Prior work has already shown that (See Sec. 2.3 of Bertsekas and Tsitsiklis (1996) or Theorem 2.21 of Mausam and Kolobov (2012)) any infinite horizon RL problem can be converted into an SSP problem. This appealing connection between RL and SSP raises the question:

Can we convert any RL problem into a GCRL problem?

We will construct a conversion next.

Bridging RL and GCRL

Building upon the three building blocks, we now show that any RL problem can be converted into a GCRL problem. The goal of our construction is to preserve policy optimality: the optimal policy in a standard MDP is equivalent to the optimal goal-conditioned policy for reaching some goal in the resulting GCMDP. We start the construction by augmenting the state space and the transition probability measure of a standard MDP \(\mathcal{M} = (\mathcal{S}, \mathcal{A}, p, r, p_0, \gamma)\).
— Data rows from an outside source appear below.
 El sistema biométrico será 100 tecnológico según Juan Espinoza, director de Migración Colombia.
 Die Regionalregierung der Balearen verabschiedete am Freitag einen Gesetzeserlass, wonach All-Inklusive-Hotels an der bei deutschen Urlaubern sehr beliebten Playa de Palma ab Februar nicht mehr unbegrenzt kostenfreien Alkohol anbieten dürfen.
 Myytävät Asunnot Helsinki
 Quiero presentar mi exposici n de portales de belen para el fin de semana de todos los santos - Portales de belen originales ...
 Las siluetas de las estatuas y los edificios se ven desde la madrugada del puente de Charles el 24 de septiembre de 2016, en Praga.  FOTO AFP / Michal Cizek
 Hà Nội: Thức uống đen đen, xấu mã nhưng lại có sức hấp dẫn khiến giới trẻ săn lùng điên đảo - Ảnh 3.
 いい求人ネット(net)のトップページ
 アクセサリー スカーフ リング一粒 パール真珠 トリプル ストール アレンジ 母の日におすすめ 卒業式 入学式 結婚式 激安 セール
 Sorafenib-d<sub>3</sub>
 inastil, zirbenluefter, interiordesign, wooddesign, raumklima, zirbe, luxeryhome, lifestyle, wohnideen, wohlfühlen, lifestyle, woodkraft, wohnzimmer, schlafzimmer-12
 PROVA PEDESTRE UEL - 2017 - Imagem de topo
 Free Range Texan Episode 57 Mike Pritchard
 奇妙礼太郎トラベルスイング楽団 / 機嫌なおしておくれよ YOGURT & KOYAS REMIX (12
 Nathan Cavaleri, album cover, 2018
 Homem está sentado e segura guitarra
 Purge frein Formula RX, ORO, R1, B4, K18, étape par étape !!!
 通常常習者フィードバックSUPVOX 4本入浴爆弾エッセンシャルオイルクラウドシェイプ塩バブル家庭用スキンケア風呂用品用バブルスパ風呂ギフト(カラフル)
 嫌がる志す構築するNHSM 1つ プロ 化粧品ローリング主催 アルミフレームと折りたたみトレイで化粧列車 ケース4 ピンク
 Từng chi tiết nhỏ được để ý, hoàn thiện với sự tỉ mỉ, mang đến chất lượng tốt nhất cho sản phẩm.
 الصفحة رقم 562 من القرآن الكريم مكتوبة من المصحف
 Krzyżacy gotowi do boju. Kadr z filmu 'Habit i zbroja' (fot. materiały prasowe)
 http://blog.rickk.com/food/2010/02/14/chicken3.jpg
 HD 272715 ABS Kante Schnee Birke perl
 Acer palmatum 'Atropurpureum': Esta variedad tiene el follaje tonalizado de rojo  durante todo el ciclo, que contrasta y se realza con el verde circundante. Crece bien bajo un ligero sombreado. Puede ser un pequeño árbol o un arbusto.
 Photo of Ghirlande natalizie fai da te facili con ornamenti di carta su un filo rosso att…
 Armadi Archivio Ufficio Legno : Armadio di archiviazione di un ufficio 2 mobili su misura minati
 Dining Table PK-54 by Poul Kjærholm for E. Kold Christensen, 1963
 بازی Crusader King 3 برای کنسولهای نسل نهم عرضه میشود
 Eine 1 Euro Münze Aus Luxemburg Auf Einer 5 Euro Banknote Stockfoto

  1. The augmented state space additionally includes two terminal states, a success state \(g_+\) and a failure state \(g_-\): \(\mathcal{S}_{\text{aug}} = \mathcal{S} \cup \{ g_+, g_- \}\).

  2. The augmented probability measures of transiting into states in the original state space are proportional to the discount factor; The augmented probability measures of transiting into the two terminal states are proportional to the reward in the original MDP: for any state \(s \in \mathcal{S}_{\text{aug}}\), action \(a \in \mathcal{A}\), and next state \(s' \in \mathcal{S}_{\text{aug}}\),

    \[\begin{align} p_{\text{aug}}(s' \mid s, a) = \begin{cases} \gamma p(s' \mid s, a) & \text{if } s \in \mathcal{S} \text{ and } s' \in \mathcal{S} \\ (1 - \gamma) r(s, a) & \text{if } s \in \mathcal{S} \text{ and } s' = g_+ \\ (1 - \gamma) (1 - r(s, a)) & \text{if } s \in \mathcal{S} \text{ and } s' = g_- \\ \delta(s' \mid s) & \text{if } s \in \{ g_+, g_- \} \end{cases}. \label{eq:aug-transition-prob-measure} \end{align}\]
    Remarks Since the range of $p_{\text{aug}}(s' \mid s, a)$ is $[0, \infty)$, for a reward function $\tilde{r}(s, a)$ taking values in $[r_{\min}, r_{\max}]$, we can apply the min-max normalization to transform the range into $[0, 1]$: \begin{align*} r(s, a) = \frac{\tilde{r}(s, a) - r_{\min}}{r_{\max} - r_{\min}}. \end{align*} We can also easily verify that $p_{\text{aug}}(s' \mid s, a)$ is still normalized: for any state $s \in \mathcal{S}_{\text{aug}}$ and action $a \in \mathcal{A}$, \begin{align*} \int_{\mathcal{S}_{\text{aug}}} p(s' \mid s, a) ds' &= 1. \end{align*}

These augmentations allow us to define the goal state as a singleton \(\mathcal{G}_{\text{aug}} = \{ g_+ \}\) with goal prior \(p_{\mathcal{G}_{\text{aug}}}(g) = \delta(g \mid g_+)\), choose the reward function as the delta measure \(r_\text{aug}(s, g) = \delta(s \mid g)\). We will use a separate discount factor \(\gamma_{\text{aug}} \in [0, 1]\) for the new augmented GCMDP. Taken together, the augmented GCMDP shares the same action space and initial state measure as the original MDP: \(\mathcal{M}_{\text{aug}} = (\mathcal{S}_{\text{aug}}, \mathcal{A}, \mathcal{G}_{\text{aug}}, p_{\text{aug}}, p_0, \gamma_{\text{aug}}, p_{\mathcal{G}_{\text{aug}}})\). Below, we provide a didactic example showing the conversion from a standard MDP to its augmented GCMDP.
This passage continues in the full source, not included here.